I'm not going to say anything new, but I'll try another explanation.
Look at hash functions this way: they're consistent random number generators.
Consistent in the sense that if you give them the same input, they always give you the same output.
Random in the sense that the output can not be predicted without using the hashing algorithm, no matter how many other numbers you've seen or generated. There are no similarities in the hashes, even when you can easily see similarities in the passwords that were used.
Number in the sense that just like 79DAE4F8931 can also be written as 8373815707953, you can also convert the output of an MD5 hash to a number (or SHA, or any other hashing algorithm). It's all ones and zeros to a computer.
Let's say we have an hashing algorithm that outputs 20 bits (e.g. 5FFD1) and is good in the sense that it's collision resistant and whatnot. If we give it any input, we know the output corresponding to that input. This will always be the same when you give it the same input, else we can't verify the output later when we run the hashing algorithm again.
If we give it the input
9, it outputs
A93BA. If we give it the input
10, it outputs
CB3F2. If we give it the input
11, it outputs
AFFF1. As you can see, when counting upwards in input, there is no way to determine the next output. It's random.
If we give it the input
9, it (still) outputs
A93BA. If we give it the input
99, it outputs
DED1C. If we give it the input
999, it outputs
01903. Again, there is no correlation between any of the values, besides of course that the
9 from before still generates the same output when we run it again. Thus, the output is considered random.
Let's say we determine that this is a safe hashing algorithm, and instead of using something tested and proven like bcrypt, we foolishly decide to store passwords after hashing them. If a user registers and uses
9 as their password, we will store
A93BA in the database. If a user registers and enters
aBadPassword, we store
6ED19 in the database.
Now our database has leaked and the attackers want to crack the hashes. Let's pretend we're the attackers (or the NSA if that makes you feel any better, it's cracking in the name of national security!).
We have a user whose password is stored as
A93BA. We can see that one of the things we've previously hashed (namely
9) corresponds to that output, so we know the password was
9. By the way, this is my favorite way of cracking password hashes: google them. Here's the MD5 hash of "password1":
7c6a180b36896a0a8c02787eeafb0e4c. Go ahead, google it.

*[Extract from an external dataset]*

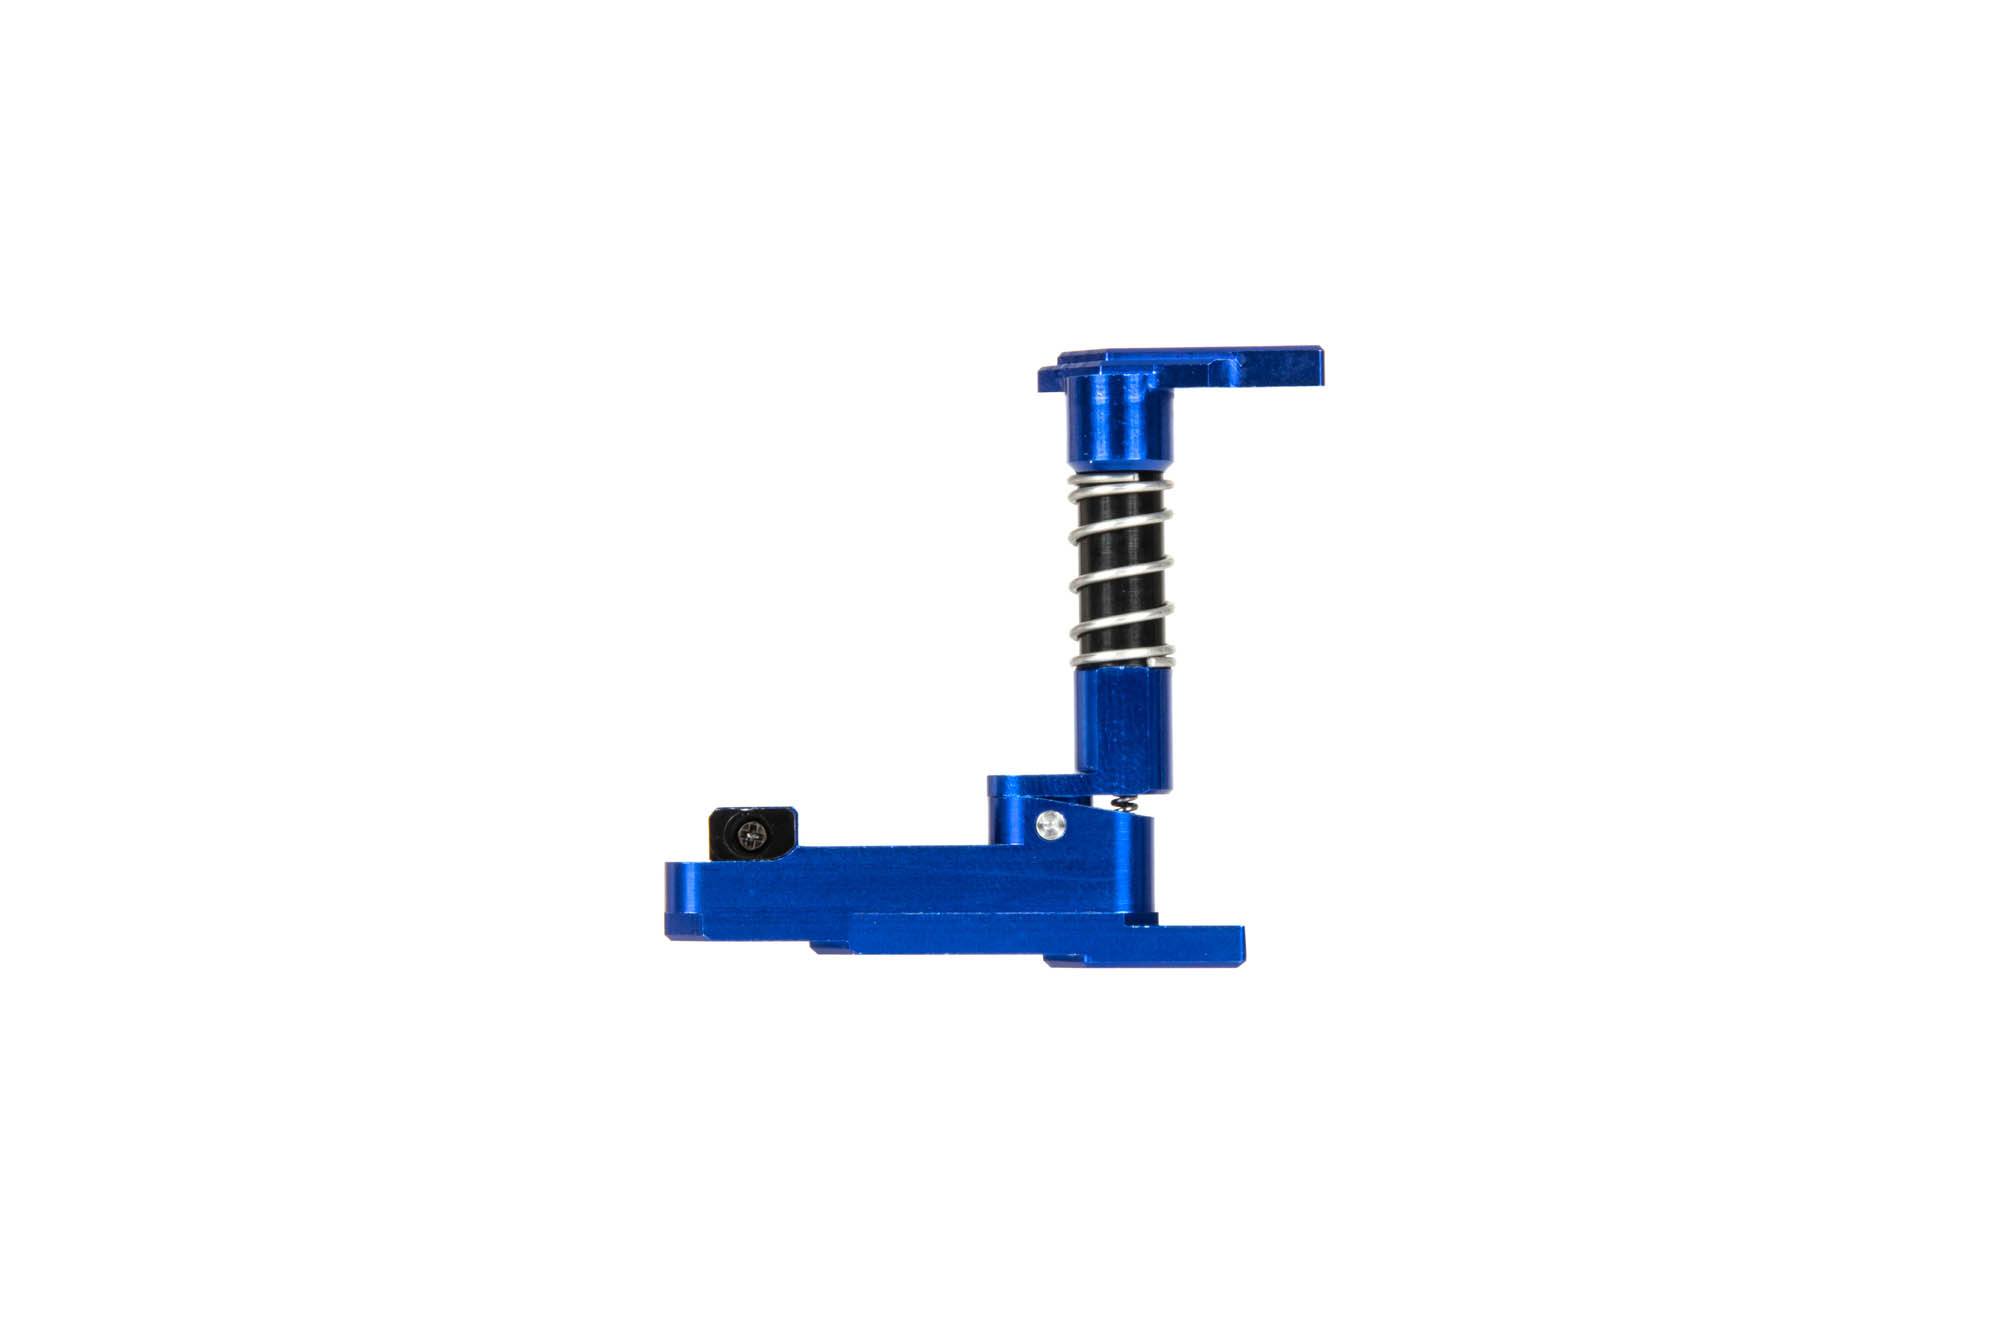 CNC M4/M16 (A) mag release ambidextrous - Blue

So now we want to find the input for output
C7B7C, something we haven't previously found. How would you do it? Well, since the output is random and there is no correlation between any of the outputs when there is a correlation between the inputs, there is no way to do it. You just start with "a" and continue to "ZZZZZZZZ". At some point you'll find the correct input (the user's password), and the output will be
You can do this more smartly, instead of using "a" through "ZZZZZ", you can use a dictionary. Or a dictionary plus a number (
password1 is a dictionary word plus one digit). Or something even more sophisticated (professionals do this) to predict what passwords might be chosen. You can even look at previously cracked passwords to see what common passwords are, then use that in your prediction model. But basically, if your password was randomly chosen (not something that can be predicted), then your hash will be completely safe.
Note: Actually, in our case, you can easily find an input for any given output, and it may not be the original input. Because our output is only 20 bits, we can just search the numbers 1 through 1048576 (2^20), and one of them will work. However this is just a fictive example; modern hashing algorithms usually output 128 bits or more (32 hexadecimal bytes). I used 20 bits instead because it makes the answer much easier to read.

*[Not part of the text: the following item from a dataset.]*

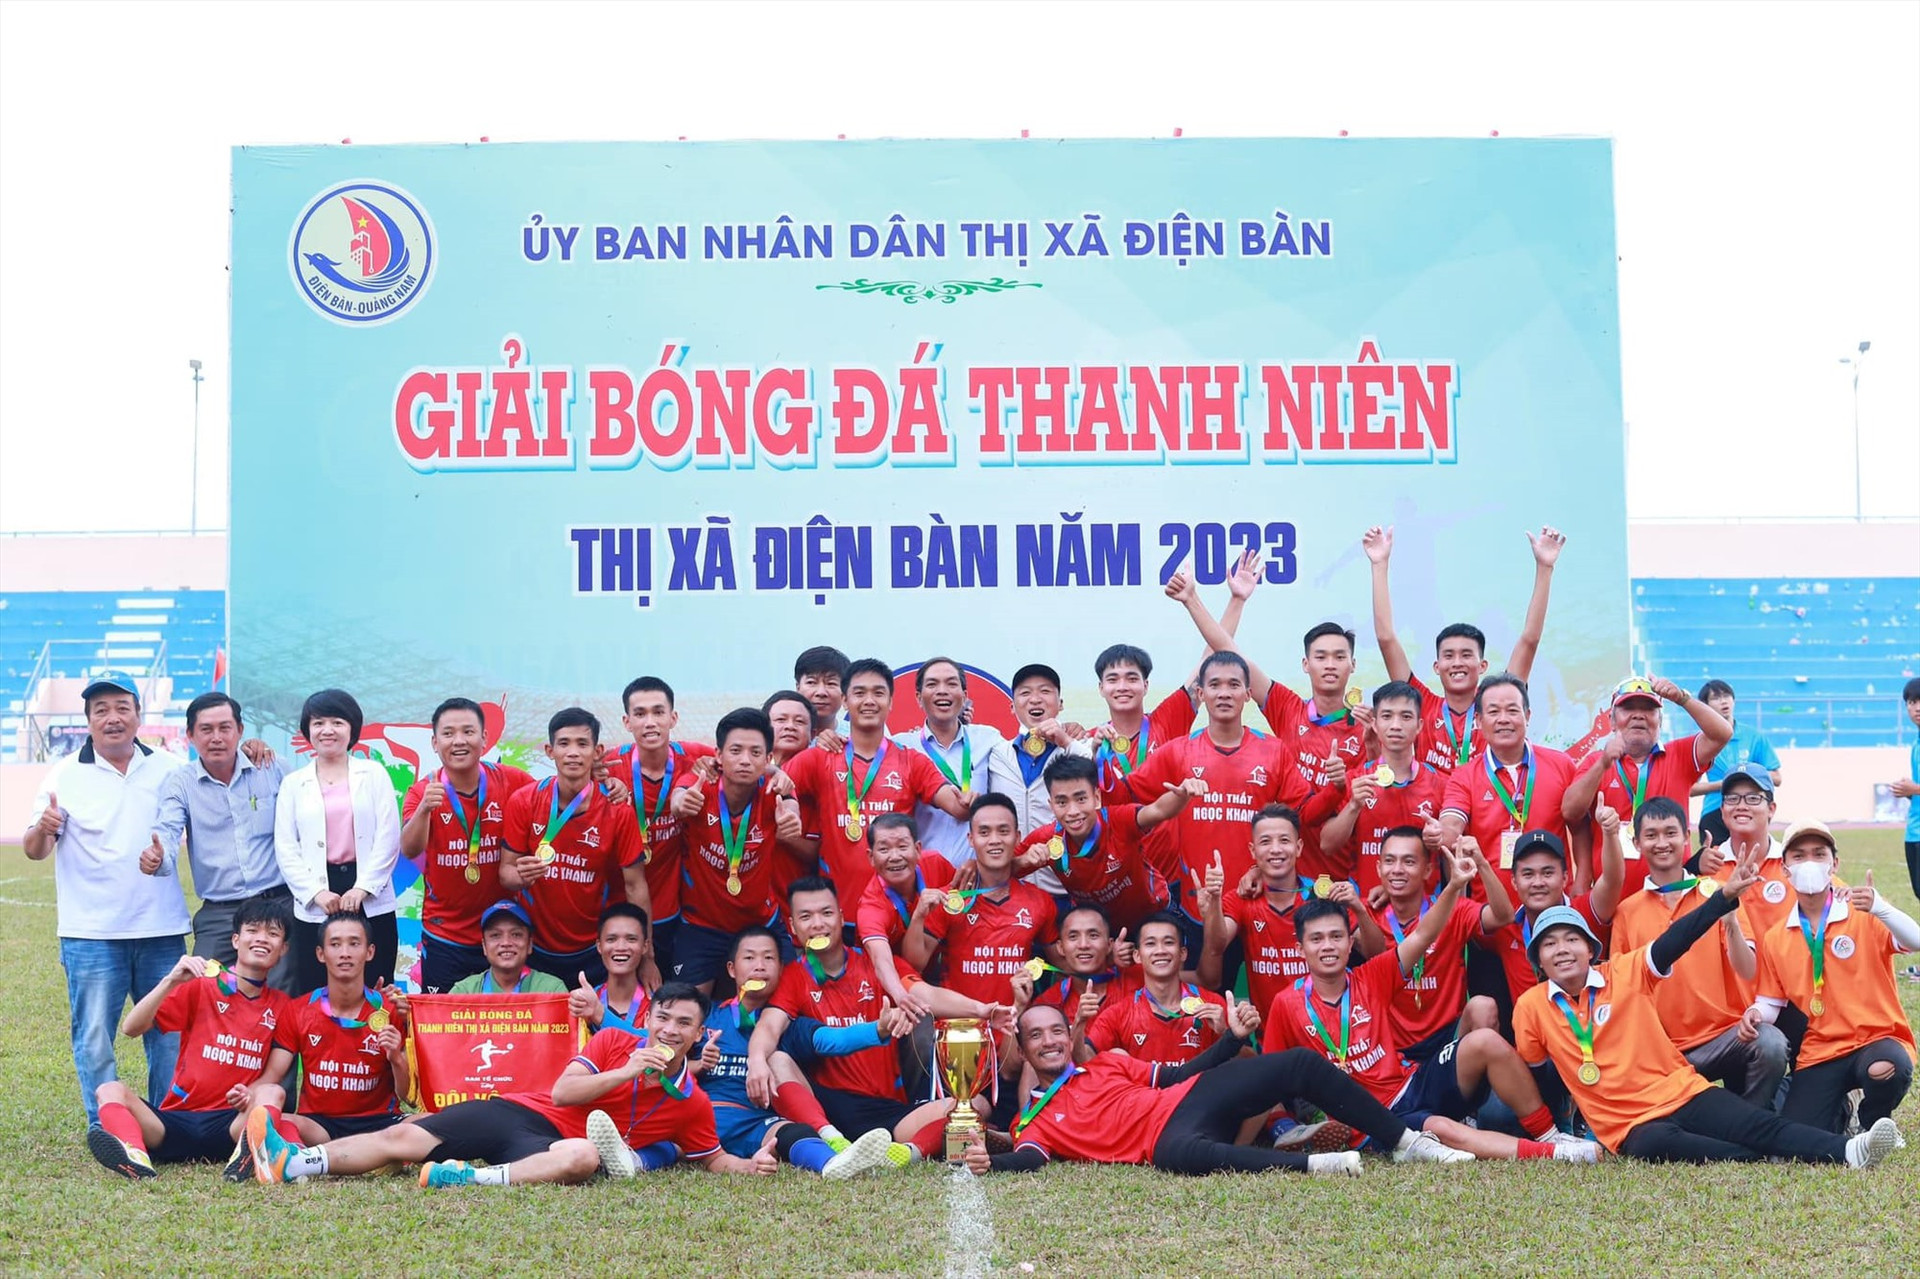 Đội bóng Điện Thắng Trung xuất xắc giành chức vô địch giải đấu.

I think the above explanation should answer your questions.
1) how do they get passwords from the hashes
By running the hashing algorithm on lots of inputs, and each time checking whether the output is equal to the output that they are looking for. They may optimize the way they look through outputs (calculate a bunch, then compare each hashed password in the database, or use a dictionary, etc.), but they can never "easily" crack them all if you had a strong password.
2) If they reverse one hash, does that mean they can easily reverse all the hashes
No, not if you have a good hashing algorithm. There is no correlation between outputs, even when there is a correlation between inputs (such as repeating characters or incrementing input). This is called the avalanche effect (wikipedia)

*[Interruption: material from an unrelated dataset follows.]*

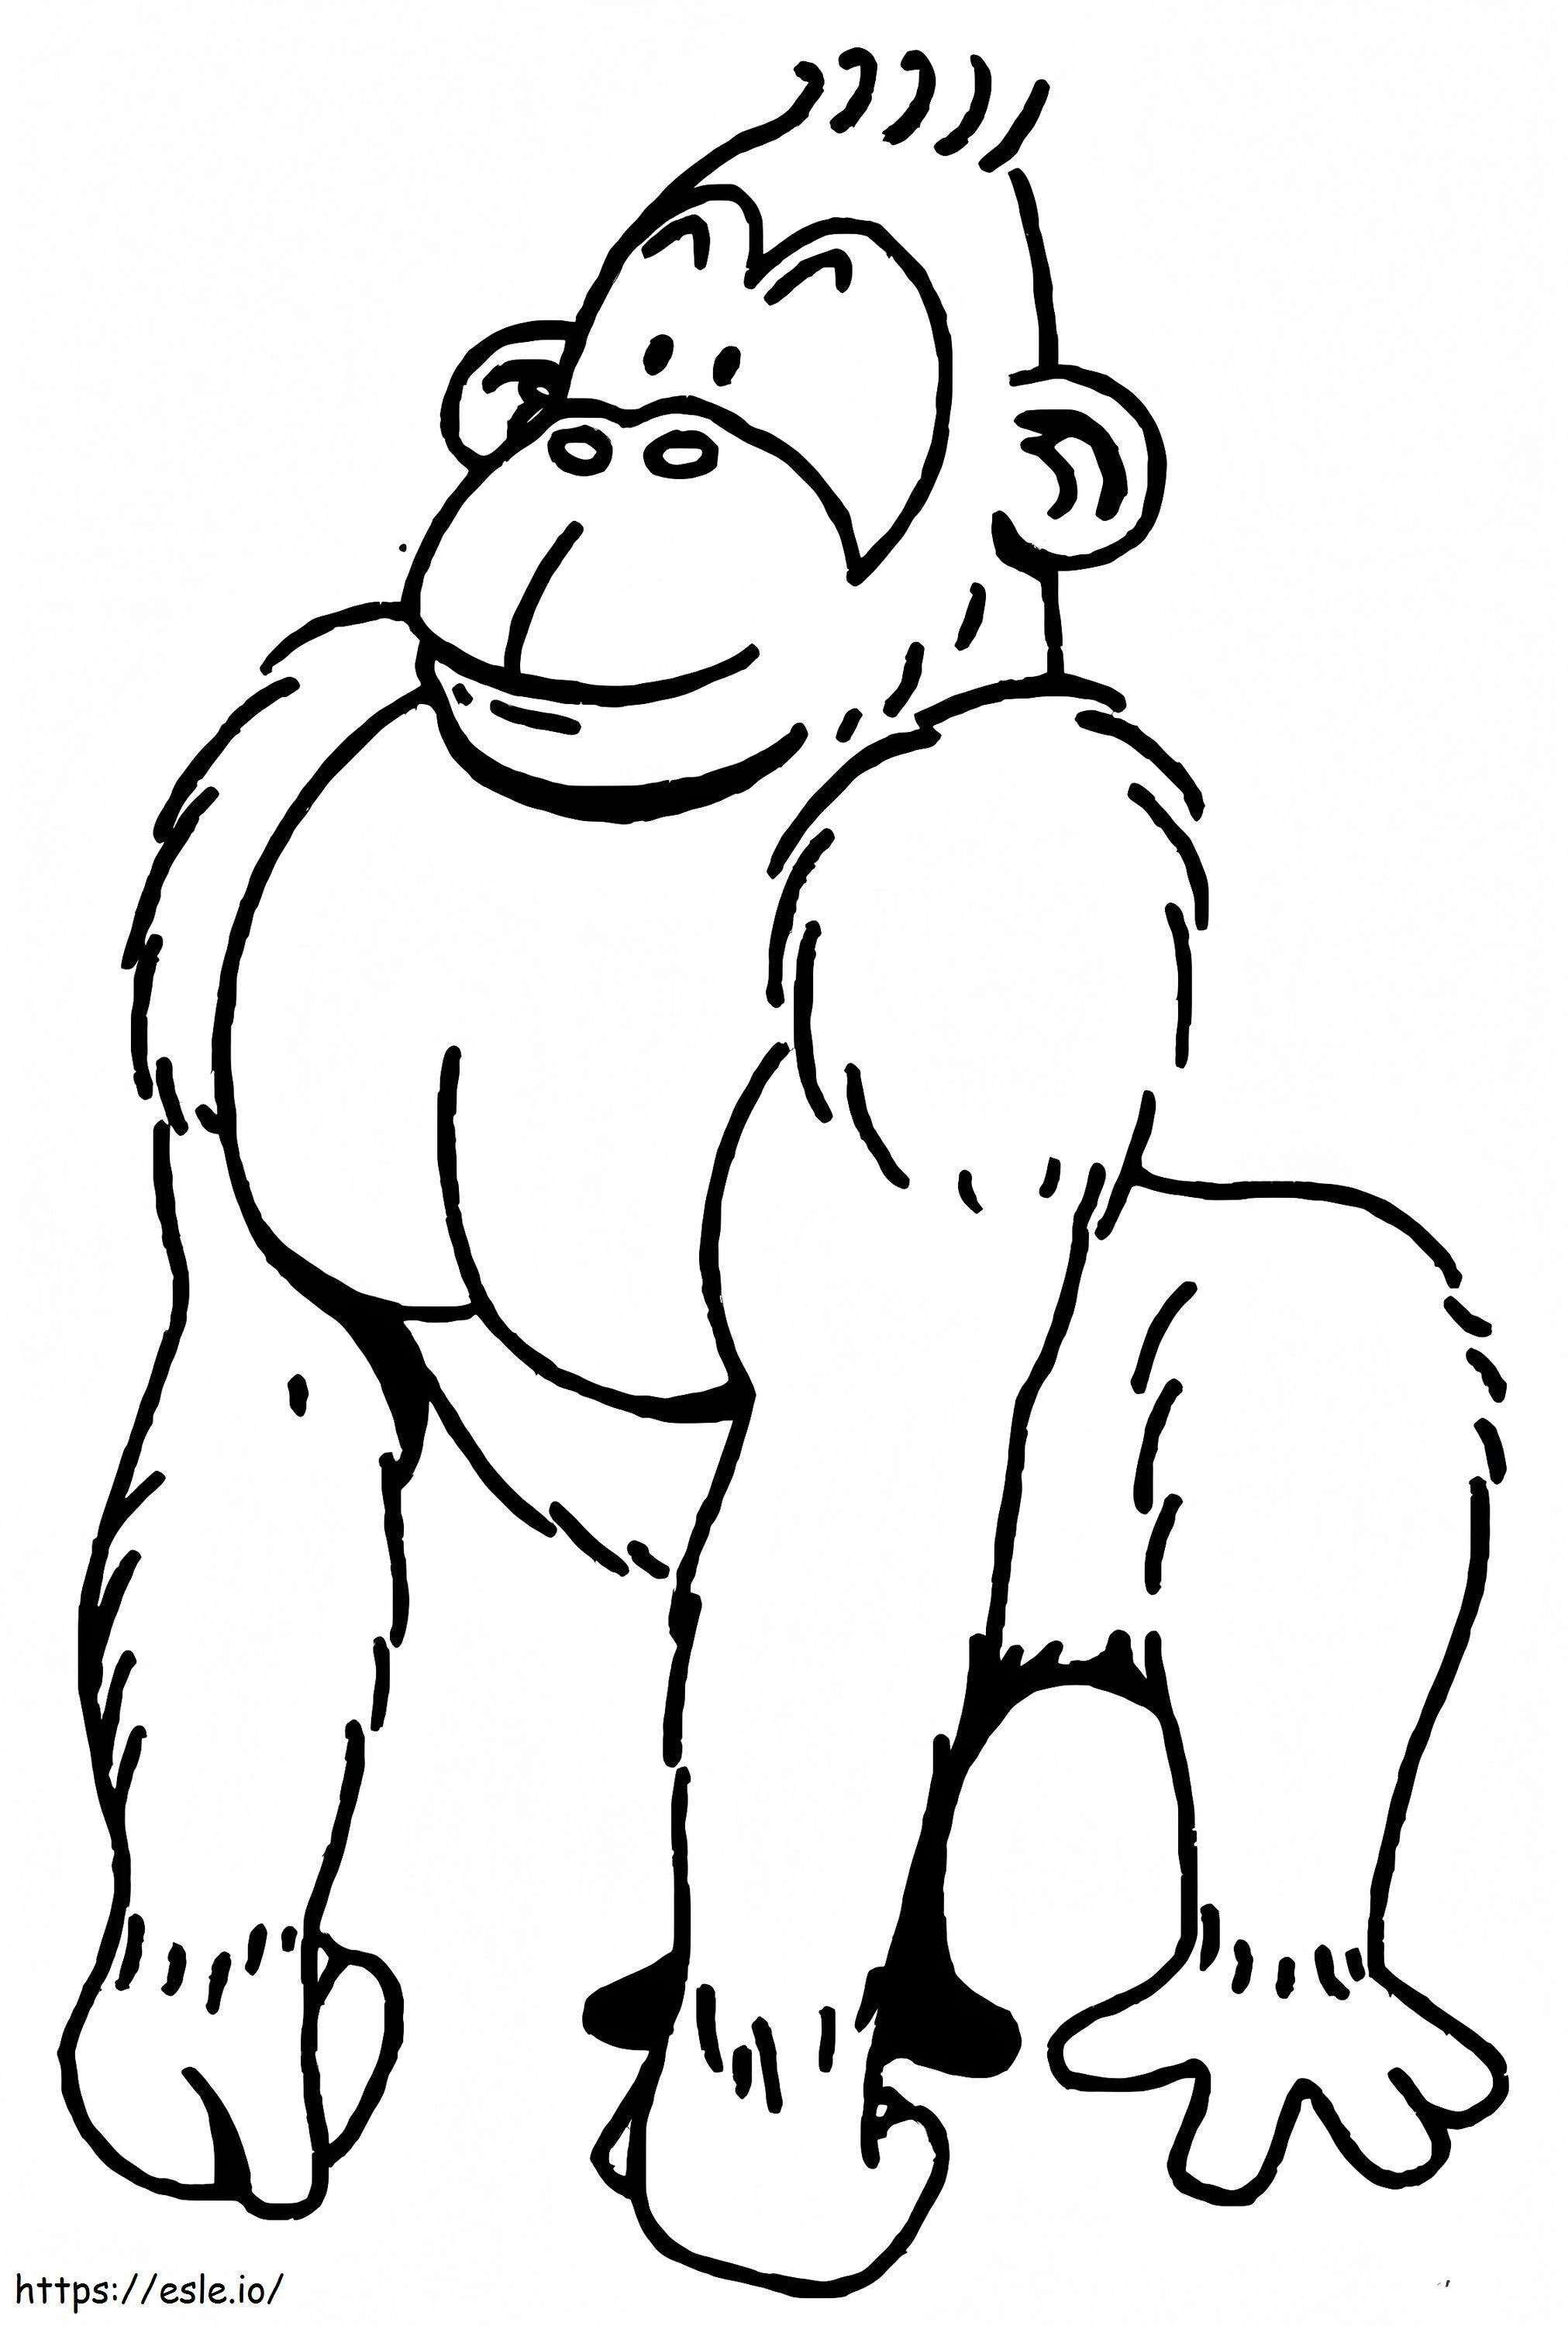 Einfacher Gorilla ausmalbilder

Examples of broken algorithms: Windows' LM hashes, MD4, and most things people made at home. Examples of algorithms that are reasonably okay in most cases: MD5, SHA1, SHA2. Note that "SHA2" is actually a set of algorithms that work much the same: SHA-224, SHA-256, SHA-384 and SHA-512.
Warning: Don't just use SHA-512 or any other 'raw' hashing algorithm to store user passwords. There are things like user-specific salts, iteration count, possibly an initialization vector... just don't touch it. Instead, use one of these: http://security.stackexchange.com/a/1164/10863
Hope this helped! Actually this was all covered in the other question that is marked as "possible duplicate", but it's explained differently. Maybe this explanation works better for you, maybe not. Or maybe it works better for others that google this question. In any case, I hope this helped you understand!